* _Aim of the task_: For the data below, retype word for word the lines from the one containing "New Yorker divatos férfi fekete kalap fotója" through the one containing "Munich Sneaker Bianco/verde..."; drop the pictures.
(Beginning of Record extracts)
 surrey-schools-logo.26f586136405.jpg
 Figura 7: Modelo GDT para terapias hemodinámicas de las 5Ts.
(End of Record extracts)
(Beginning of Record extracts)
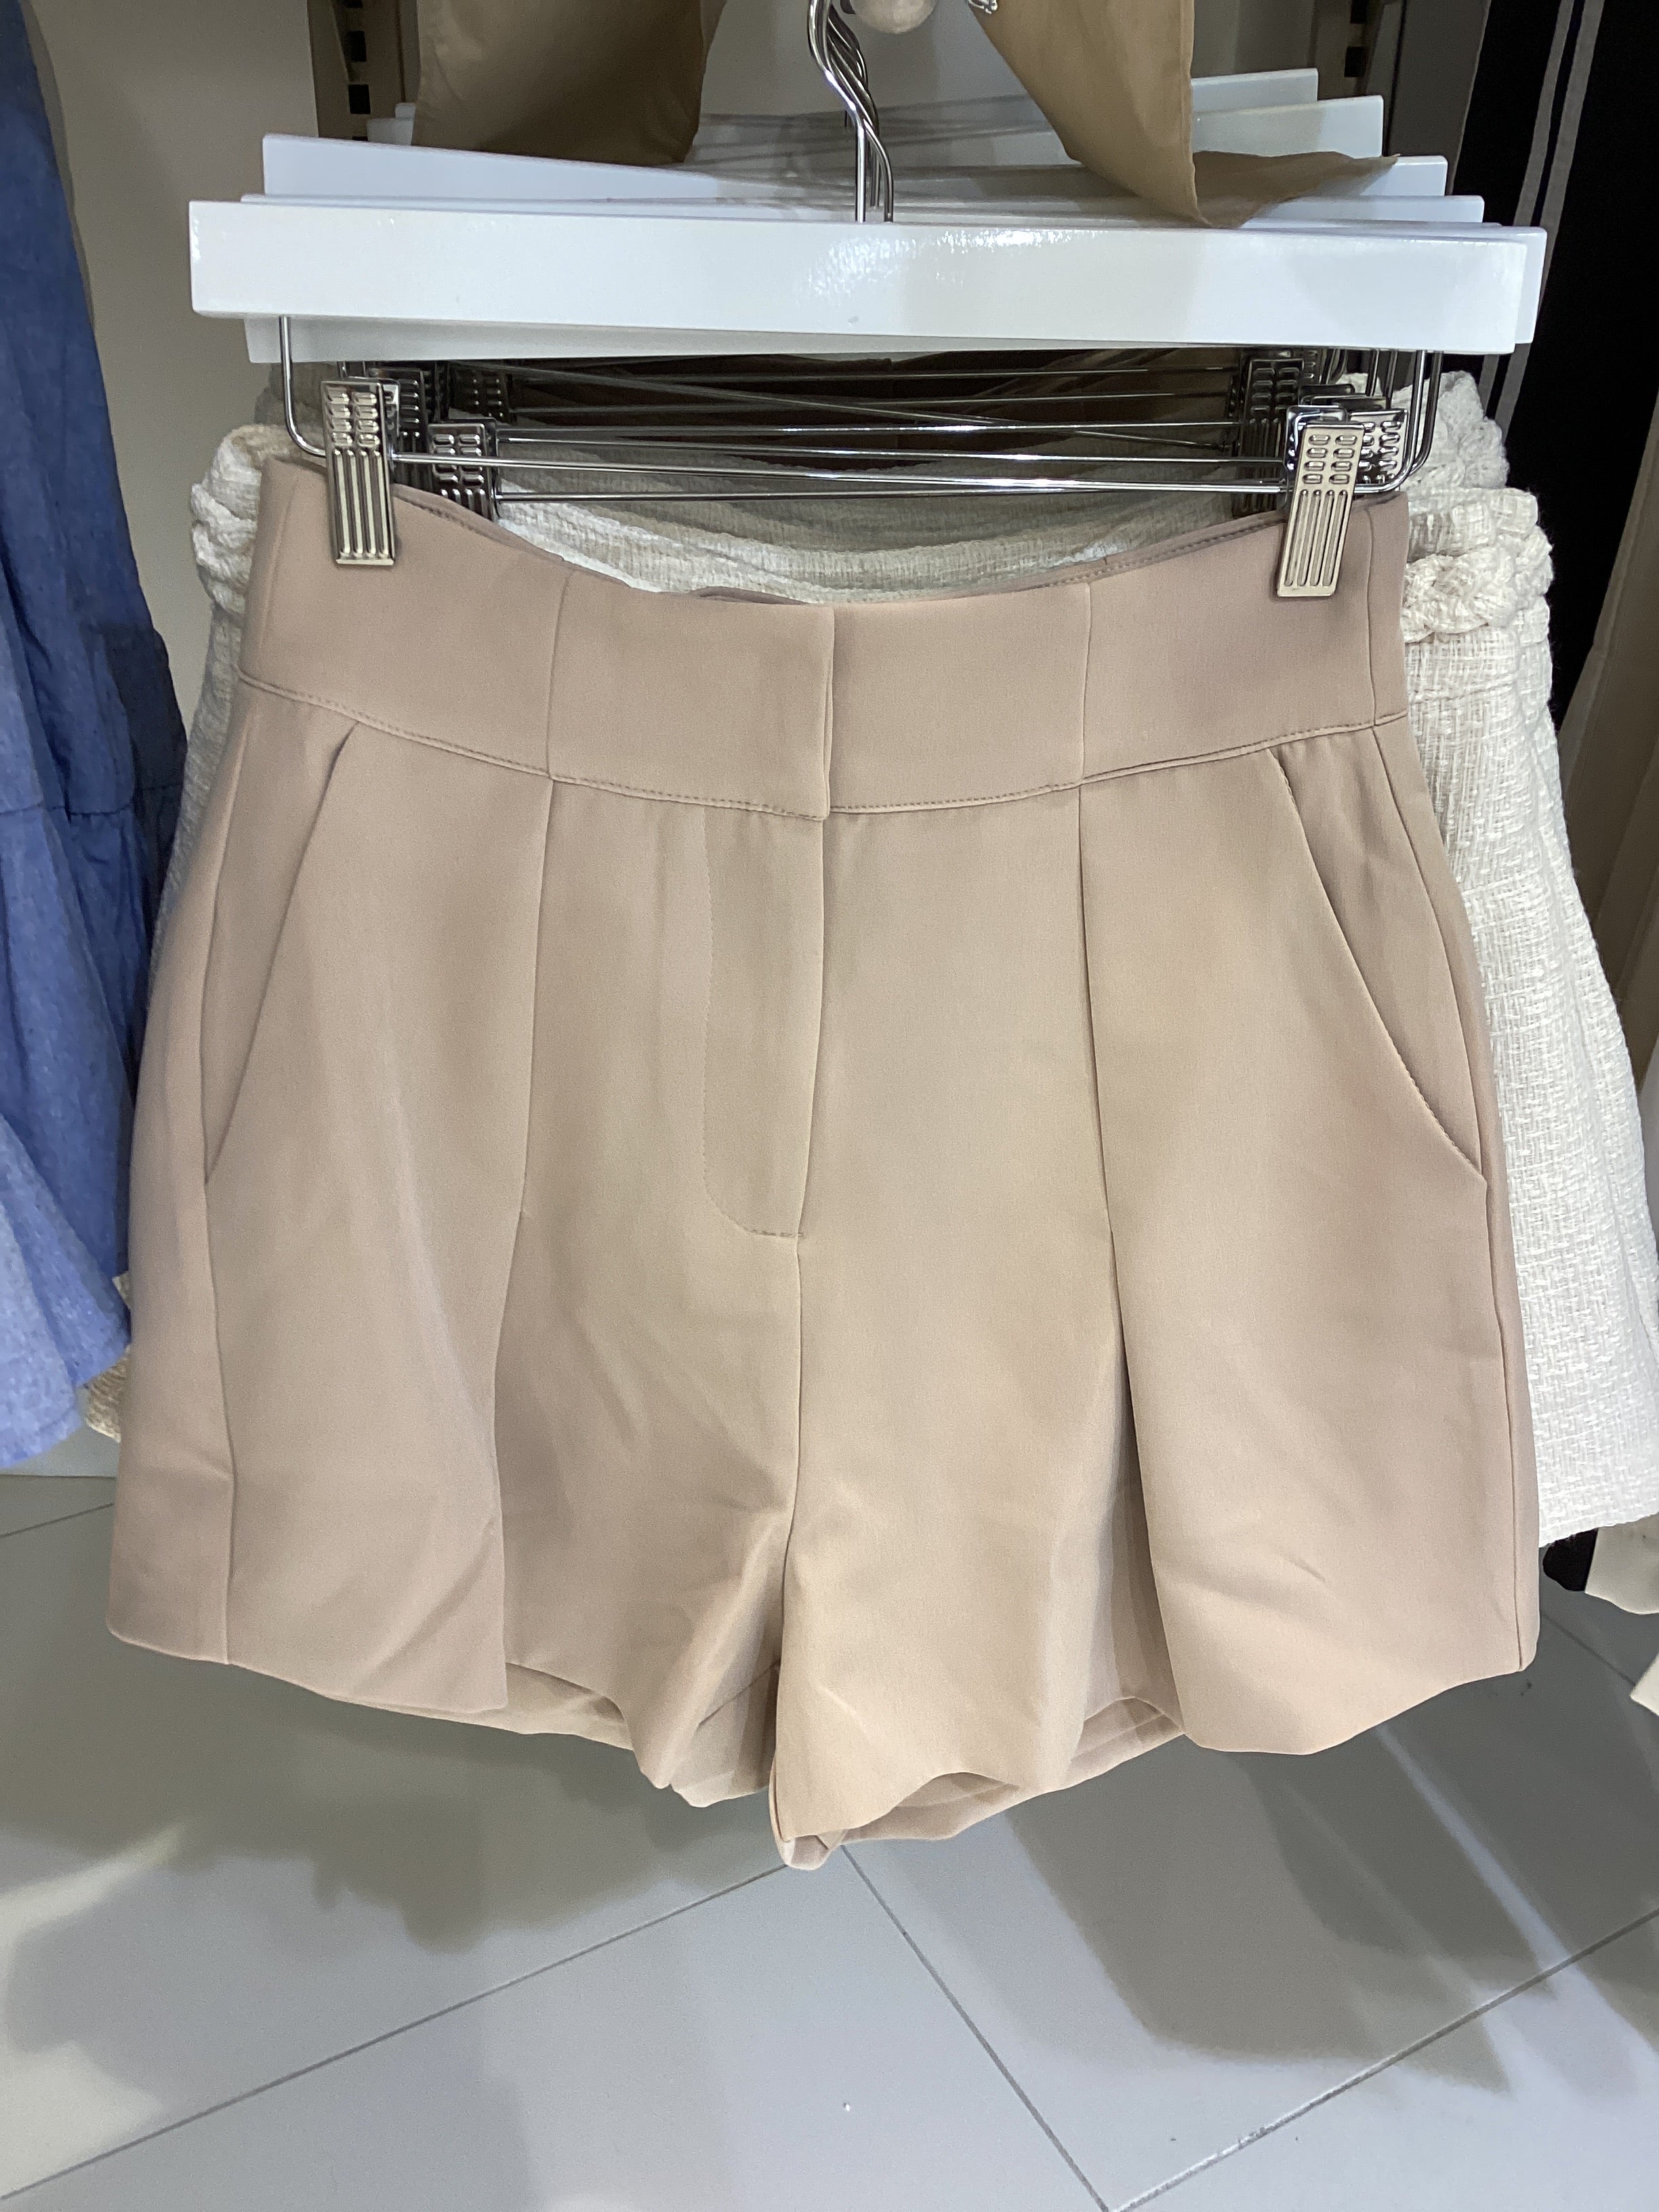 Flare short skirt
(End of Record extracts)
(Beginning of Record extracts)
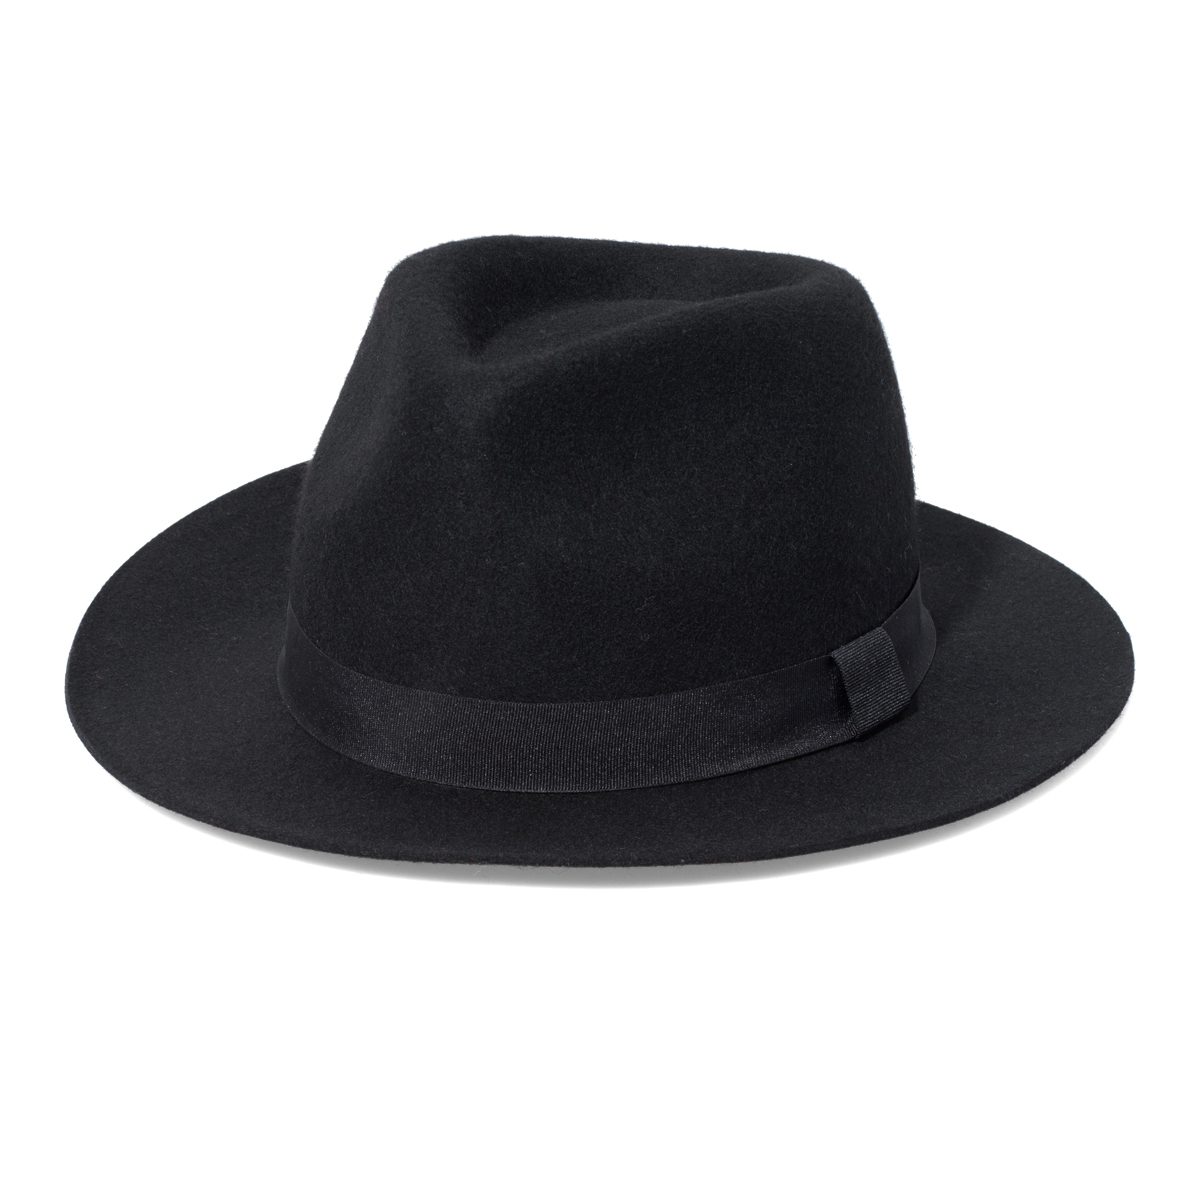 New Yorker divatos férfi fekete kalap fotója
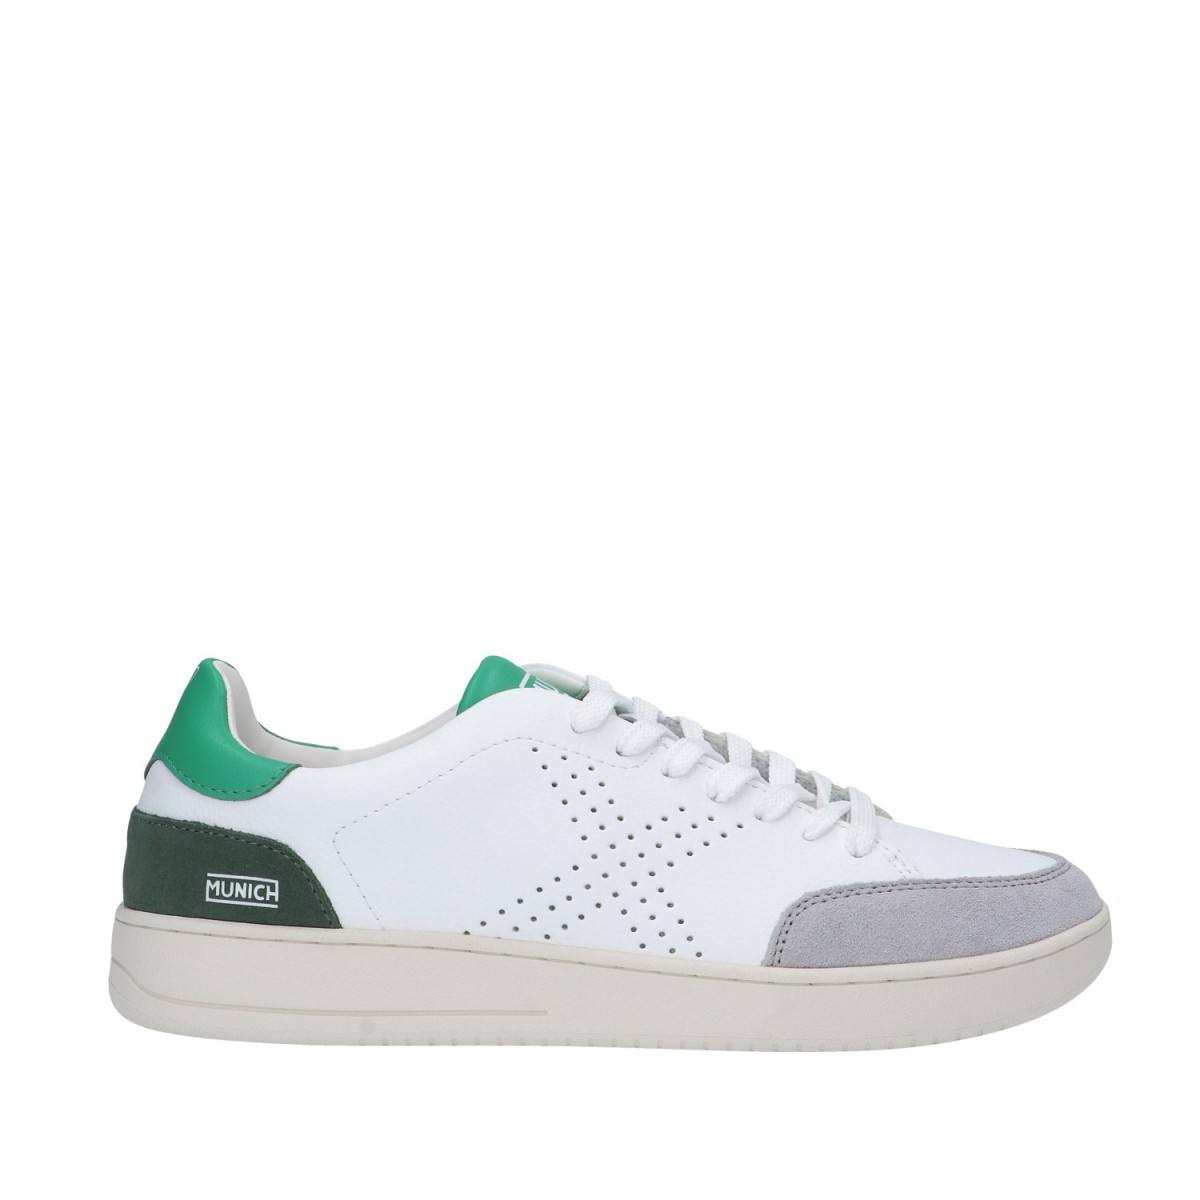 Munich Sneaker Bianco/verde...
(End of Record extracts)
* _Exercise solution_:
 New Yorker divatos férfi fekete kalap fotója
 Munich Sneaker Bianco/verde...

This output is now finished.